Harper v. Poway Unified School Dist. (S.D.Cal.)
A federal
district court in California has ruled that a school webpage that included
links to religious websites opposing homosexuality did not violate the First
Amendment Establishment Clause. The plaintiffs failed to prove that the links
did not fulfill a secular educational purpose or effect or that the links
excessively entangled the school with religion. The court noted that a student had previously been
disciplined for wearing an anti-homosexuality t-shirt, showing that the
district was not pursuing a religious agenda.
Source: Westlaw Watch.
Cyberlaw–
Operations: Wisconsin law to keep cyber schools running.
Wisconsin has
passed a law allowing online schools to qualify this fall for state aid, but
limits their enrollment and subjects them to program audits.
Source: Milwaukee
Journal-Sentinel, April 7, 2008.
Other News
CyberNews
– Student Safety: The naked truth about teen photo distribution.
A recent article
describes the alarming trend of students using cell phones and other electronic
devices to distribute nude and sexually explicit pictures of themselves or
others. Because of the ease and
anonymity of electronic communications, these communications can be distributed
widely and, in some cases, lead to great physical and emotional harm.
Teens who send
nude pictures of themselves or receive nude pictures from other teens may not
be aware of the legal risks. As
indicated in the article and according to the U.S. Department of Justice
(www.usdoj.gov):
v Any image of a child -- defined as anyone
under 18 -- engaged in sexually explicit conduct is illegal contraband.
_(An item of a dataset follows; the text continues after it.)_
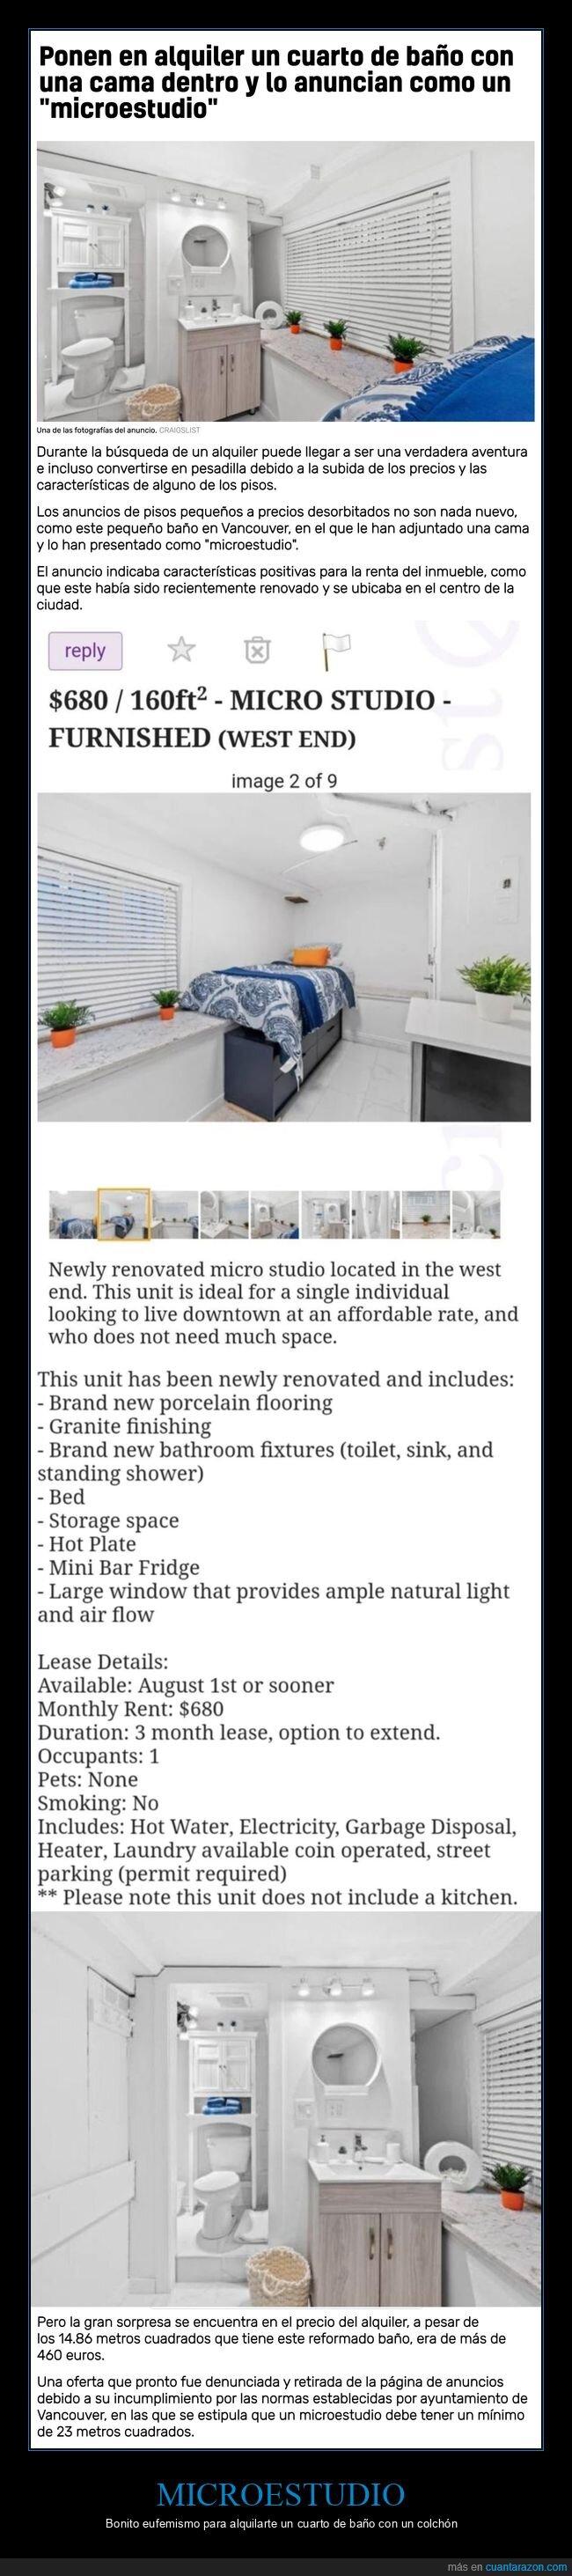 alquiler,cuarto de baño,microestudio

v The legal definition of sexually explicit
conduct does not require that an image depict a child engaging in sexual
activity. A picture of a naked child may constitute illegal child pornography
if it is sufficiently sexually suggestive.
Source:
Raleigh News & Observer, June 5, 2008
CyberSystems–
E-mail: Spam celebrates 30 years of clogging e-mail inboxes.
A recent news
report reminds readers of the birth of e-mail spam 30 years ago when computer
salesman Gary Thuerk, on May 3, 1978, distributed a message on Arapanet, the
precursor to the internet, that read:
"We invite you to come see the [Computer System] 2020 and hear
about the DECSYSTEM-20 family at the two product presentations we will be
giving in California this month."
The message
produced a backlash from academic and government users of the system. The article cites Microsoft
founder Bill Gates 2004 prediction that spam would soon be eliminated. This year also marks the
10-year anniversary of the first Viagra spam e-mail; one such early message
offered a bottle of 30 pills for $500.00. Real spam, not the virtual kind, celebrated its 70thbirthday
last year.
Raleigh News & Observer, May 3, 2008 (from the Washington Post).